Model 3 Generative Android'in kısaltması olan M3GAN, travma sonrası bir hayatı kolaylaştırmak için oluşturulan sevimli bir robot olarak karşımıza çıkıyor.

Ancak bu sevimlilik, kendini geliştirebilen yapay zeka ile birleşince Chucky'den Terminatör'ün durdurulamaz makinelerine kadar izleyenlere aşikar bir ton da sunuyor.

Allison Williams'ın canlandırdığı Gemma, M3GAN'ı bir trafik kazasında ailesini kaybeden yeğeni Cady için tasarlamış olsa da işler pek umduğu gibi gitmiyor. Violet McGraw, Cady rolüyle tam eşleşirken, Gemma'nın Cady'nin yasal varisi olmak istemesi ama onun için yapabileceği pek de bir şeyin olmaması seyircinin gözünden kaçırılmıyor. Film de odağını bu konuya çevirerek Gemma'nın M3GAN'ı yapmasını sağlıyor.

Geç başlayan olaylar erken bitiyor, film ne kadar beğenilse de ortaya çıkan durdurulamaz titanyum bebek bir şekilde Chucky'ye dönüşüyor ve seyir keyfi izleyenlerin yorumuna bırakılıyor. Atıfları bir kenara bırakırsak, M3GAN bağlanmanın doğasına dokunaklı ve sivri bir bakış da sunuyor.

Filmde teyze-yeğen dinamiği, duygulu ve taze hissettiren bakış açılarından sevgiyle ekranlara getiriliyor. Gemma'nın kariyerinden daha önemli şeyleri fark etmesi gerektiğini kavrayan rolü ile gerçeklikten kopma arzumuz başarılı bir şekilde sahnede yerini alıyor.

Eğlenceli sahnelerin yanı sıra duygu yoğunluklu anlar ve yaratıcı bir dans ile insan avı da hiç fena durmuyor.

M3GAN

Gemma üzerinde çalışması gereken bir oyuncak işini bilerek erteleyerek M3GAN'ı şirketine sunuyor. İyi hazırlanmış bir tanıtım tiyatrosu ile şirkette yükseleceğini anladığımız robot mühendisinin bir şeylerin yolunda gitmediğini fark etmesi kurguda tam da o anlara denk geliyor. Çocuk bakıcısı olarak da izlediğimiz M3GAN, futuristik planda pek çok şekilde yeniden karşımıza çıkabileceğinin sinyallerini de özellikle son sahnelerde seyirciye hissettiriyor.
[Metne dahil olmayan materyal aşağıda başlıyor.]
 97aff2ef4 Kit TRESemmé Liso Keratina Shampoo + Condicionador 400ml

Yeni Zelandalı yönetmen Gerard Johnstone, ikinci uzun metrajlı filminde çok dikkate alınmıyor. Ancak zengin sayılabilecek bir bilim kurgu / korku üzerine çalışmaları gözden kaçmıyor. Dikkatli bakıldığında insanlık dışının insanlaştırıldığı, makinelerin baş kaldırdığı edebi ve kültürel soyağacında yeni bir yorum izleyenleri üzmüyor.
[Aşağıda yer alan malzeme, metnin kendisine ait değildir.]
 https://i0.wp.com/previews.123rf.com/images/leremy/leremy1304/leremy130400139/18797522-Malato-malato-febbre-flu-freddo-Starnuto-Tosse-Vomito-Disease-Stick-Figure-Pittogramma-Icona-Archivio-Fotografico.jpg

Film sinematografik korkuyu entelektüel hale getirmekten yana değil. Ona algılanabilir bir gerçeklik yükleyip birden çok anlam katarak seyircinin beğenisine sunuyor. Çok da iyi yapıyor.

Androidlerle ilgili bilim kurgu filmlerinin ilerlediği yönde M3GAN da insanlığı neyin tanımladığına dair sorular soruyor. Bazen M3GAN, Cady için Gemma'dan daha insan oluyor. Korku filmi olarak lanse edilmesine değinecek olursak belki izlerken korkutucu sahneler bir anda ekranda belirmiyor ya da film korkunç değil ama bir gün filmdi gerçek oldu gibi cümleleri hayatımıza dahil edebilecek türden olduğu söylenebilir.

M3GAN inceleme

Filmin en etkileyici sahnelerinden bazılarına baktığımızda;

  • Açılış sahnesi, seyirci henüz M3GAN ve yaratıcısıyla tanışmadan önce aile tatili için yola çıkan Cady ve ebeveynleri tanıtıyor.

Kar fırtınasından dolayı ilerleyemeyen araçlarında bekleme kararı alan aile, seyirciye kötü bir şeyin olacağını hissettirdiğinde maalesef bir trafik kazası meydana geliyor.

  • Maskenin ardını görmek ürpertebilir.

Filmin ilerleyen sahnelerinde M3GAN'ın tam olarak ne olduğuna bir bakış gerçekleştiriliyor. Gemma ve arkadaşları, şirketten gizli, ileri teknoloji bir oyuncak üzerinde çalışıyorlar. Bir unutkanlık sebebiyle insansı maskenin yok olduğu sahneler pek insancıl değil, ürkünç bile denilebilir.

  • Köpek saldırısı bir tür zincirleme reaksiyonu başlatıyor.

Gemma'nın kimsenin sevmediği tipte bir komşusu ve komşusunun Gemma ile Cady'yi korkutan bir köpeği var. Zavallı, şanssız köpek "oynamak" için Cady ve M3GAN'ı seçtiğinde sahne oldukça tuhaflaşıyor. Rahatsız edici bir şekilde hareketsiz kalan M3GAN, seyircinin ne bekleyeceği konusunda kafa karışıklığı yaratıyor ama geç başlayan olayların başlayacağı bilgisi de burada artık verilmiş oluyor.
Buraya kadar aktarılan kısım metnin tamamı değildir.